In Switzerland, the SNB will announce its rate decision as well. Economic developments have been somewhat decent since the Bank last met. On the inflation front, the CPI rate dropped notably in June, rebounded thereafter and in August it matched its May levels. The unemployment rate remained unchanged in July, while growth is expected to have accelerated, but slightly, in Q2. As for the all-important franc, it weakened notably against the euro, but it remained relatively unchanged against the dollar. However, the recent weakness against the euro has failed to boost Switzerland’s economic outlook in a meaningful way, evident by the disappointing KOF indicator and Credit Suisse investor sentiment index, both for August.

Therefore, we don’t expect the SNB to change tune. We think policymakers are likely to repeat the usual mantra – that the franc remains significantly overvalued and that the Bank will remain active in the FX market as necessary in order to curb any gains in the currency.

As for the economic indicators, during the Asian morning, Australia’s employment data for August are due out. Our own view is that the labor market may have posted another month of solid employment gains, something supported by the ANZ job ads indicator, which showed advertisements rising for the 6th consecutive.

From China, we get retail sales, industrial production and fixed asset investment, all for August. Expectations are for retail sales as well as industrial production to have accelerated in yearly terms, while fixed asset investment is expected to have slowed somewhat. The forecasts for retail sales and industrial production are supported by the nation’s official manufacturing PMI, which showed that output growth was faster compared to a year ago. What’s more, the production sub-index was much higher than August 2016.

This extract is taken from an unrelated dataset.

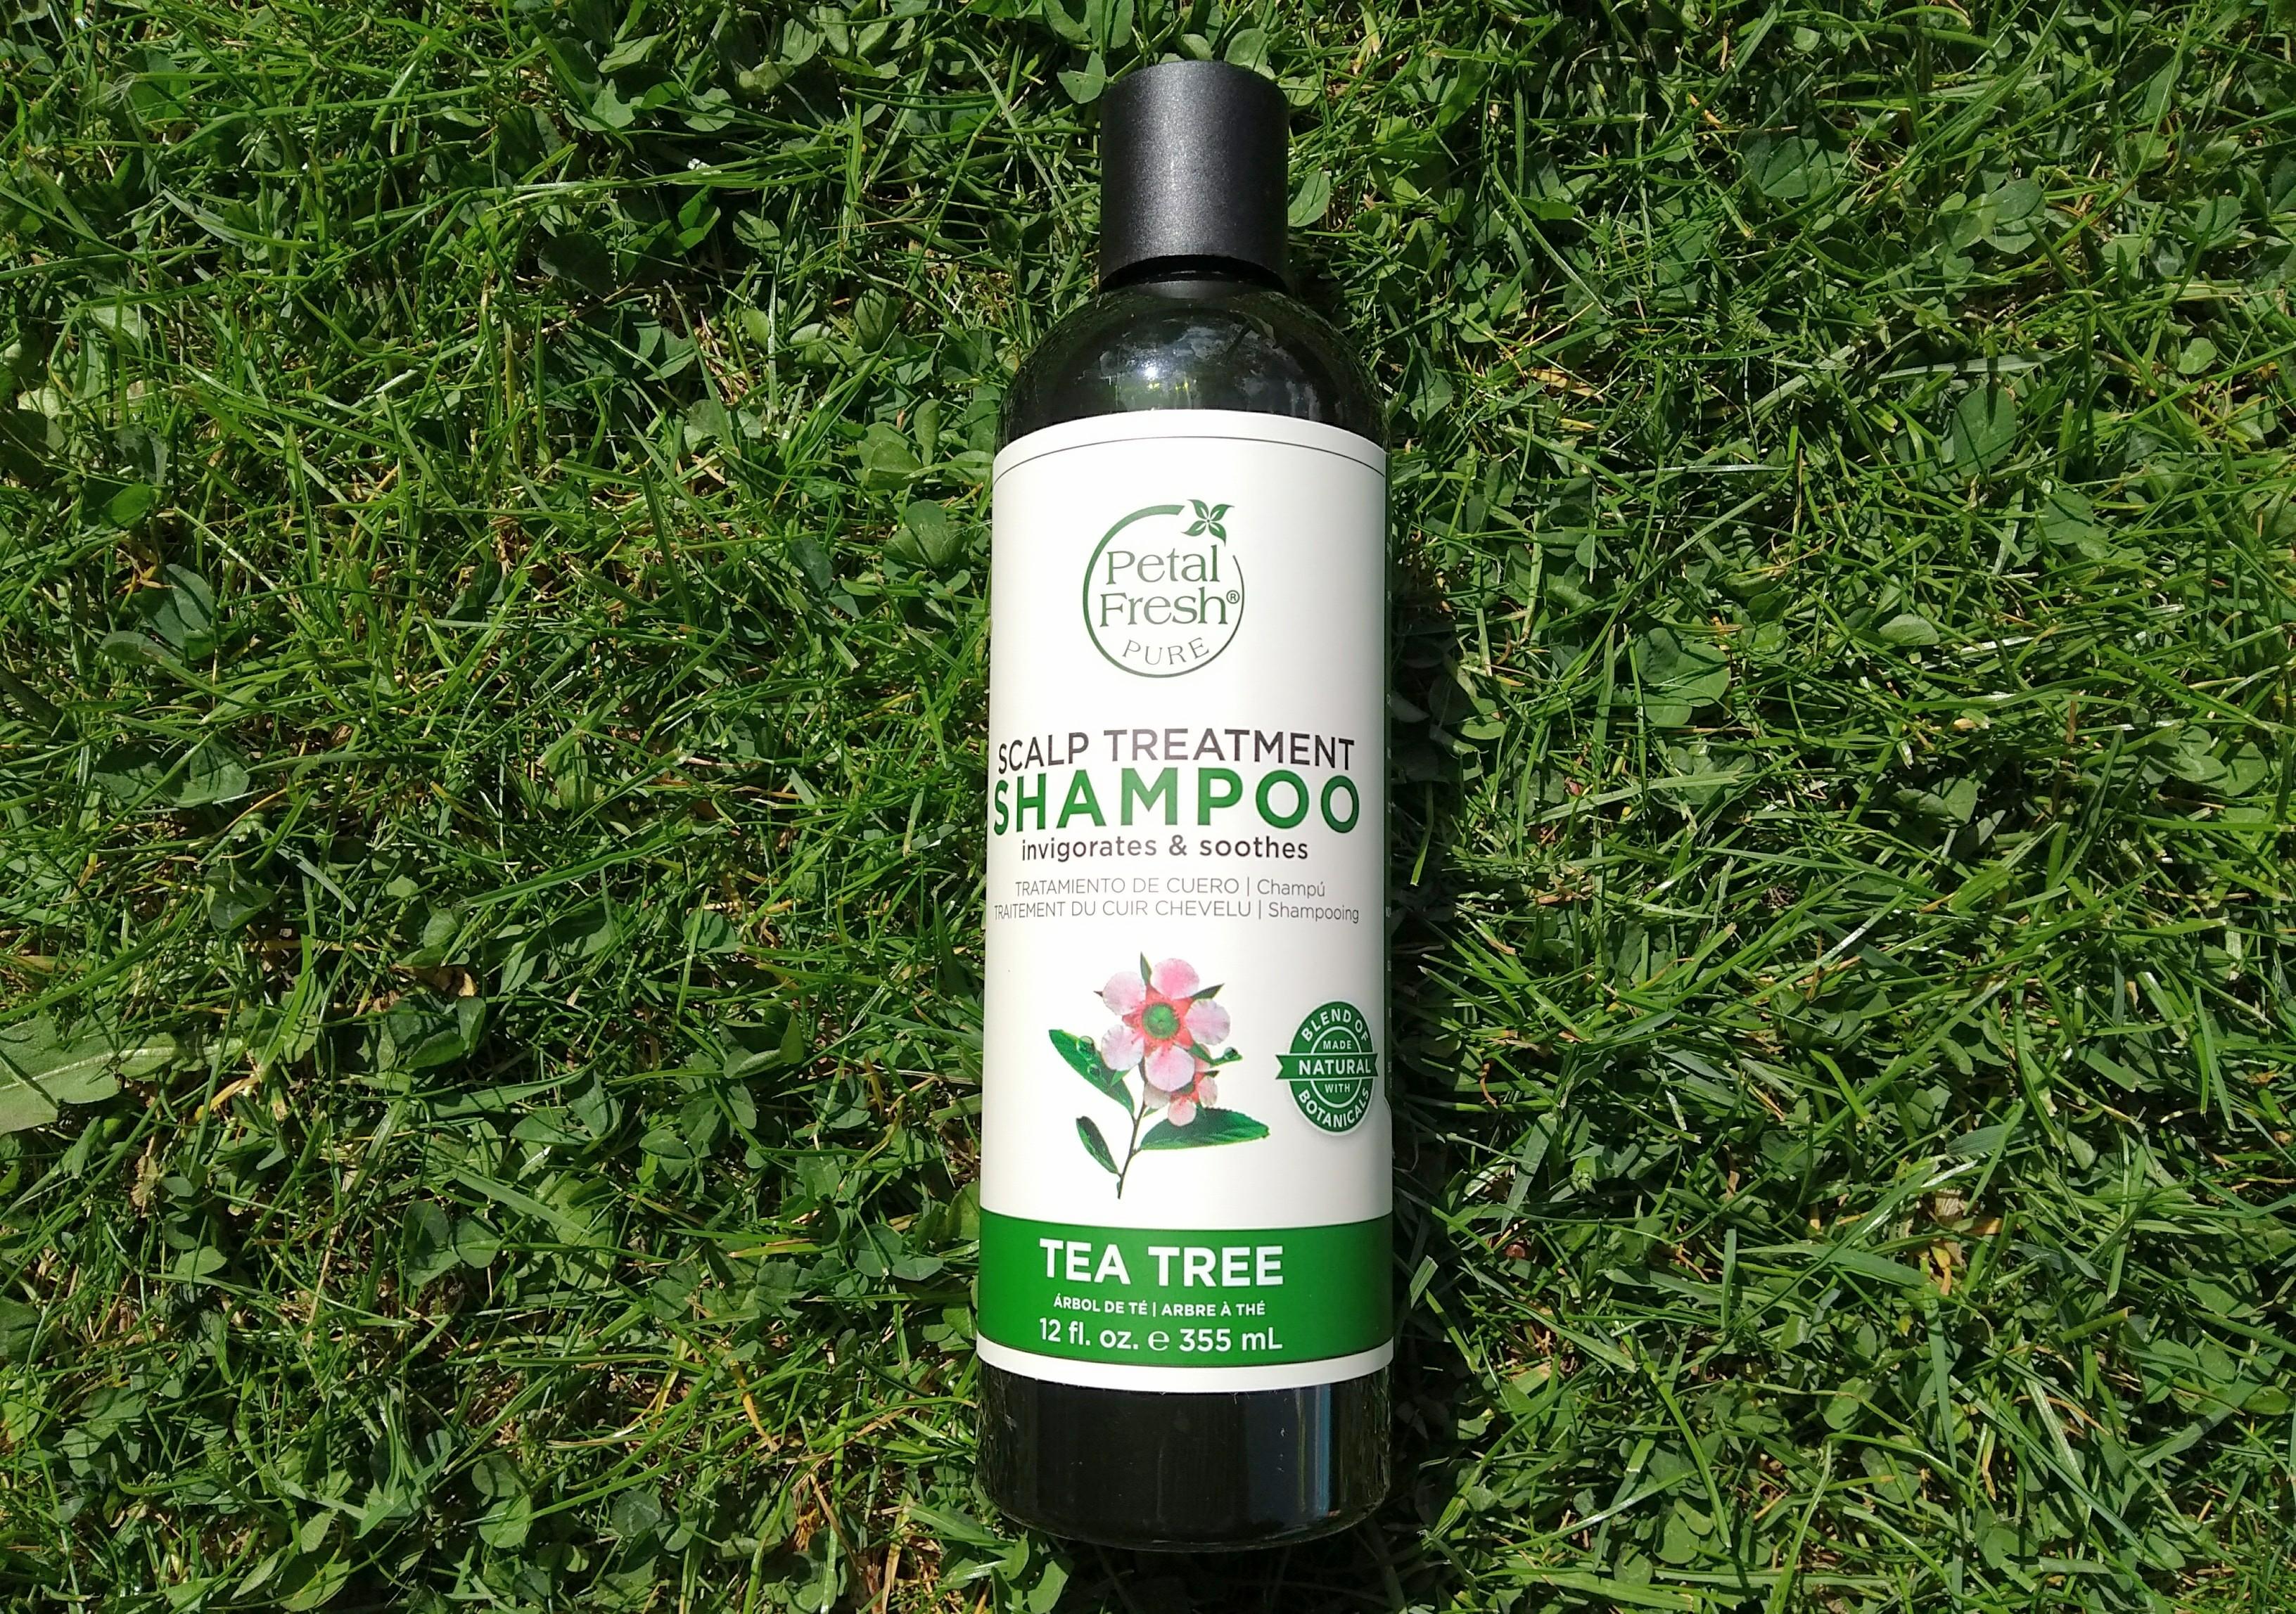 review, petal fresh, petal fresh pure, scalp shampoo, scalp treatment shampoo, shampoo gevoelige hoofdhuid, gevoelige hoofdhuid, vegan shampoo, tea tree shampoo, shampoo gestest, mamablog, blog, mamalifestyle, haar, haar wassen, lalogblog, lalog.nl

In the US, we get CPI data for August. Given the increasingly concerned remarks on Wednesday by Brainard and Kashkari over inflation and interest rates, this set of CPI data is likely to attract more attention than usual, as it could prove critical on whether the FOMC will indeed proceed with another rate hike this year. Expectations are for the headline rate to have ticked up, but for the core rate to have ticked down. This combination makes us believe that the rise in the headline rate may be owed primarily to movements in volatile items, such as energy-related products and food. Therefore, as long as core inflation remains subdued, we doubt that the headline print will be enough to drag forth expectations for the next Fed hike. Actually, we believe something like that may be the reason for the number of concerned policymakers around inflation to increase at the upcoming Fed meeting, and for the probability for another rate hike by year-end to drop further. According to the Fed fund futures, that probability currently stands at around 30%.

Finally on Friday, we get the US retail sales for August and expectations are for both the headline and core rates to have declined somewhat. That said, both the nation’s consumer sentiment indices for the month did not paint a clear picture. Even though the U o M print declined, the Conference Board index continued to rise, making us hesitant to place too much faith in the forecast.